Listen up, children of mine and remember this number: twenty-one. That’s how old your dad was in 1971 when he hightailed a truck down HaiVan Mountain. His cargo? Radio communications equipment. It’s value? A fortune. His destination? The XXIII Corps Army Headquarters in DaNang. The reason? He had no clue.
“Be quick,” his company commander said by phone. “Cannibalize all the equipment that you can from the HaiVan station. Load your truck, and leave only essential equipment behind. Come alone.”
Dad remembers that last part because it was unusual. Transport like this typically took two soldiers—one to drive and the other in the passenger seat with a ready weapon.
Make haste, strip this place
Twenty-one. That’s how old he was when he oversaw the work of five radiomen in the mountaintop retransmission unit and another six men at headquarters down below.
He made it down the mountain and pulled into headquarters at 8 p.m. His commander met him in the radio room and said, “Strip this room of all but the essentials.”
Dad was to add that equipment to the other in his truck and drive the whole lot to an airstrip tarmac where he would board a plane at 0400 the next morning. To where? The officer didn’t know . . . just be there.
Dad arrived at 3:30 a.m. and waited with the load as ordered. Save for the few winks of sleep he managed between one a.m. and three, he had been awake and working since the prior early morning.
“The plane landed at 0400,” he recalls. “It taxied over to me, and men quickly loaded the equipment into the aircraft. It took no more than five minutes. I climbed the ladder and entered the plane. I slipped into an empty seat, and we were off.”
72 hours
That’s when he realized that he was the only enlisted man onboard. Except for the full bird colonel next to him, the other eight or so passengers were all generals. The colonel told him that this command was going to Quang Tri. From here on out, the XXIII Corps Headquarters in DaNang would function as a decoy. The actual headquarters would now operate out of Quang Tri. Dad was to set up the voice-secure radio communication network that served the northern region of South Vietnam . . . and he had 72 hours in which to do it.
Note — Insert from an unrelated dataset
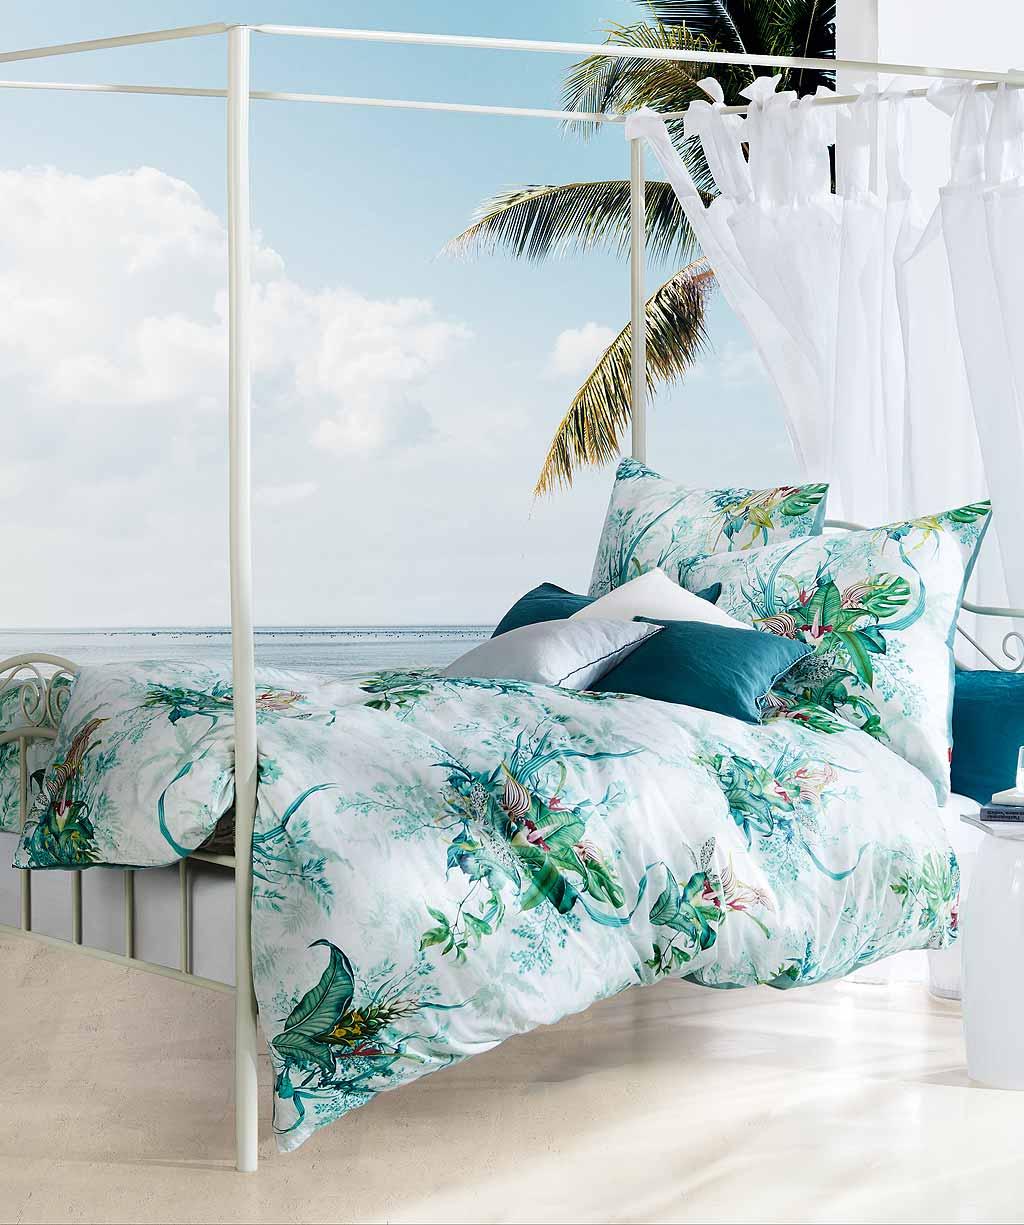 Mako Satin Bettwäsche mit floralem Muster in Grün - Digitaldruck
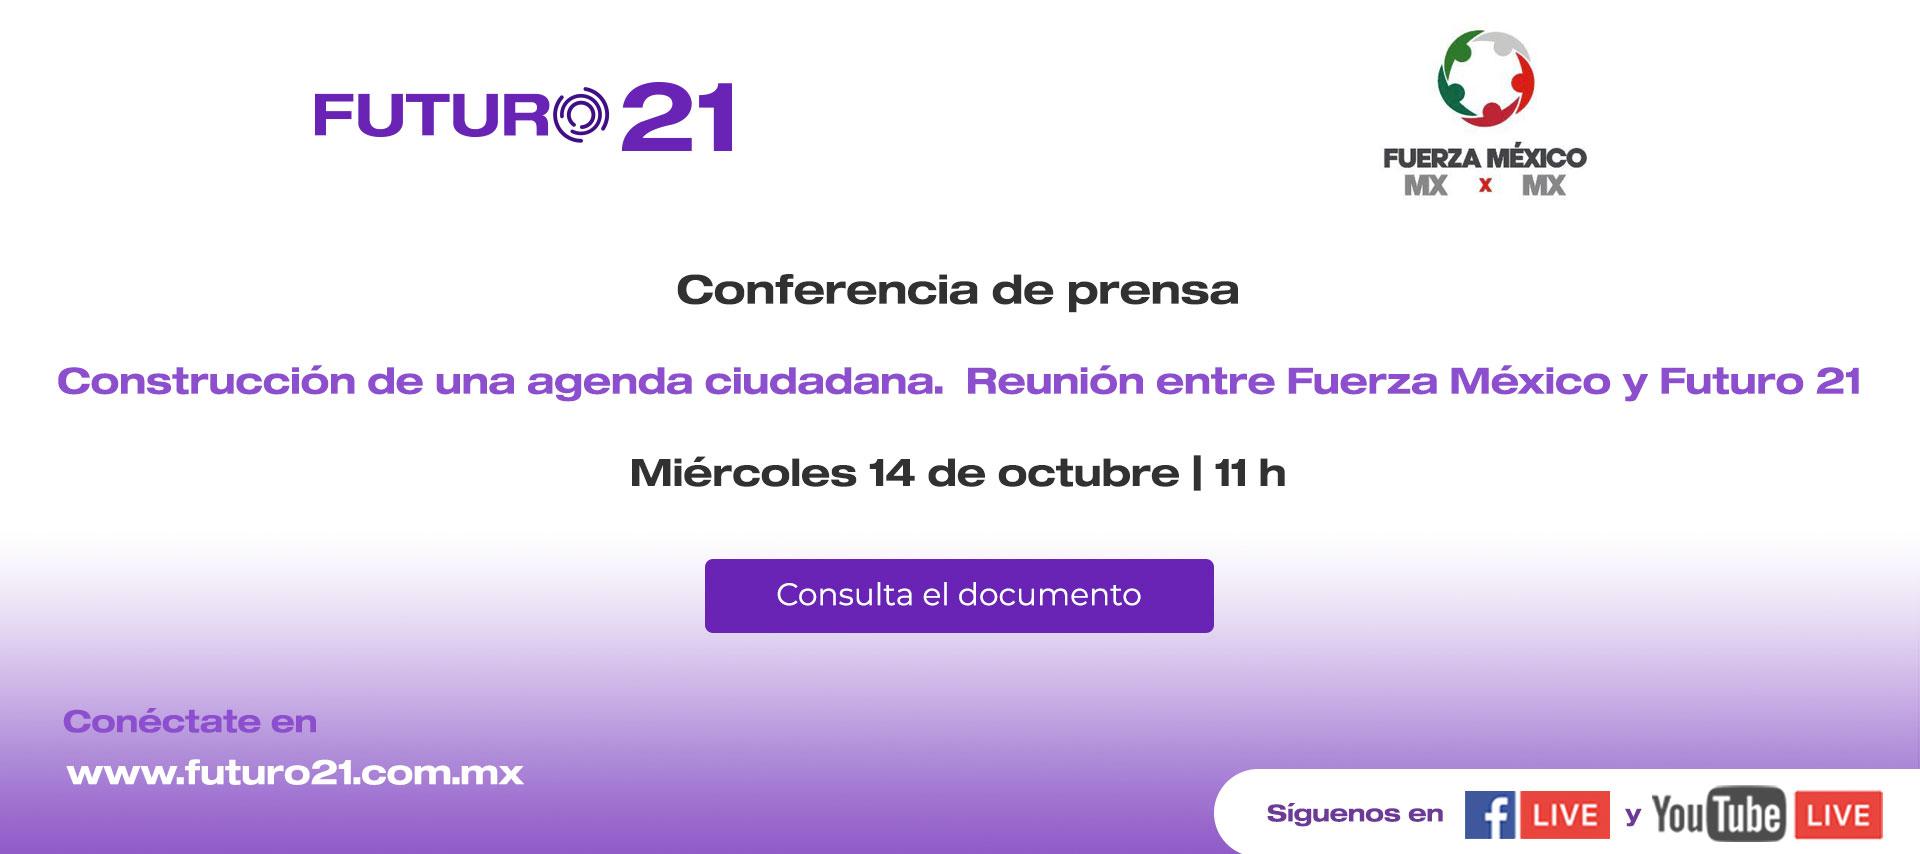 Declaración Futuro 21 y Fuerza México

Twenty-one, just barely. That’s how old your dad was when he embarked on the most stressful endeavor of his working life. The plane loaded with top brass had come specifically for Sgt. Morris and his equipment. Expectations were high, and here’s why . . .
That morning, troops from the South Vietnamese Army of I-Corps had surreptitiously invaded Laos and Cambodia to interdict and destroy the Ho Chi Minh Trail. For more than a decade, the North Vietnamese had used that 9,500 mile web of paths, tracks, and paved roads through neutral neighboring countries to invade South Vietnam. Moving the U.S. Army headquarters to Quang Tri supported allied troops set on destroying the trail.
To install the network, Dad would supervise a newly formed unit of about ten radio men from all over South Vietnam. Only some of them were experienced radio operators “in country.” Others—though trained back in the states—had been tasked with non-radio jobs until now.
“None of them knew each other,” he recalls. As for their resources—he points to the iPad on my lap—“That’s more complex than all of the equipment combined that we had to work with.”
Was the operation successful? Yes.
Hush-hush
Twenty-one. That’s how old your dad was when he committed to confidentiality and agreed to not talk about or write about or communicate anything about this operation for eight years from the date of his discharge. He honored his commitment.
And here’s what I want you, my kiddos, to know on this Veterans Day: There is no minimum age threshold to leading well or following well. There is no minimum age threshold to serving others and solving tough problems. There wasn’t then, and there isn’t now. Just remember your dad at twenty-one.